Because it doesn't matter.
According to Monday's Wall Street Journal it indeed does cost "the federal government up to nine cents to mint a nickel and almost two cents to make a penny." If the federal government knew anything they'd have figured out long ago that manufacturing nickel coins for almost double their literal nickel metal value was retarded. Yet, still metal lobbyist are fighting for the
mentality that our currency is dependent upon actual metal value versus market forces. Obviously with the rising use of "plastic" credit and debit cards, check books and the complete nixing of the "Gold Standard" in 1971 by Richard Nixon, the argument that precious metals carry any weight when it comes to currency is for naught.

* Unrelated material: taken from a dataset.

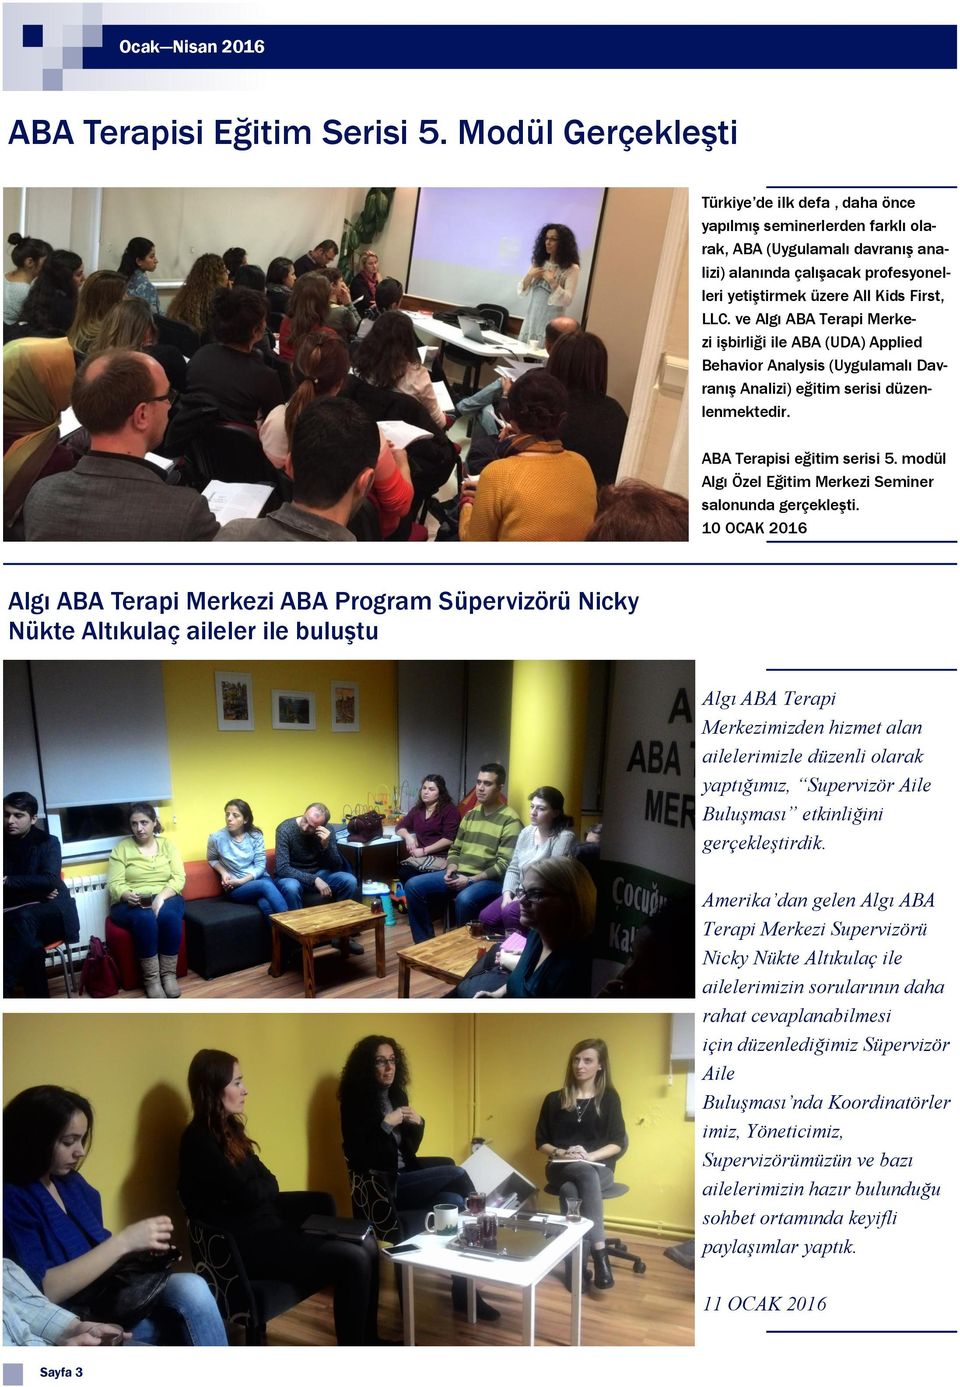 ve Algı ABA Terapi Merkezi işbirliği ile ABA (UDA) Applied Behavior Analysis (Uygulamalı Davranış Analizi) eğitim serisi düzenlenmektedir. ABA Terapisi eğitim serisi 5.
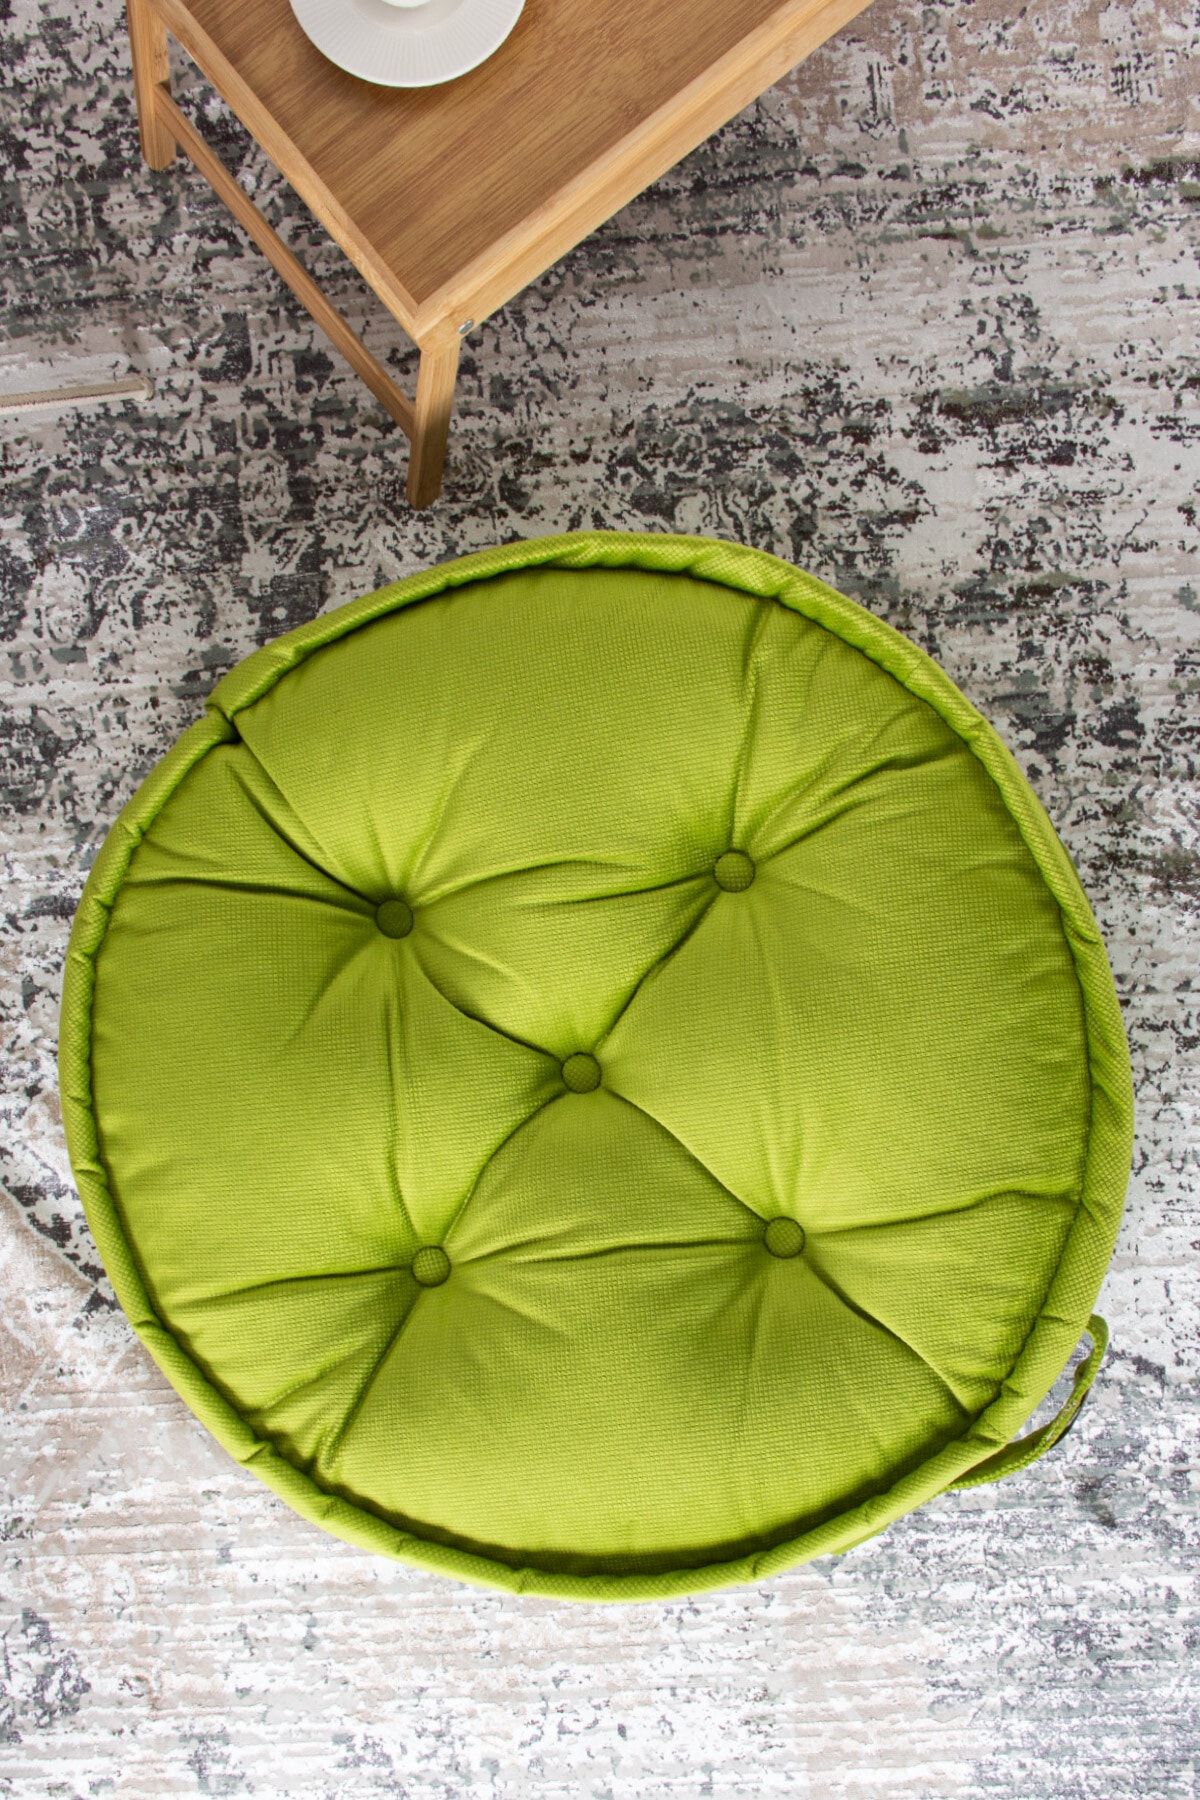 Homedius Asia Kadife Yuvarlak Dekoratif Minder Fıstık Yeşili  60x60 cm

Old US Minting Facility in San Francisco, CA
Of course the abandonment of concrete metals as the standard has created a bit of an inflation, to say the least, but continuing to waste funds by minting coins for more than they're worth doesn't seem the right way to go either. It's as if someone simply missed the boat on how to go about minting, or at least is trying to stall it (eh, hem, metal lobbyists). And while the prices of metals like anything else will go up and down, in the end, gold is still gold — the real question is: is a penny still a penny if it's worth less than one, yet costs more to make it?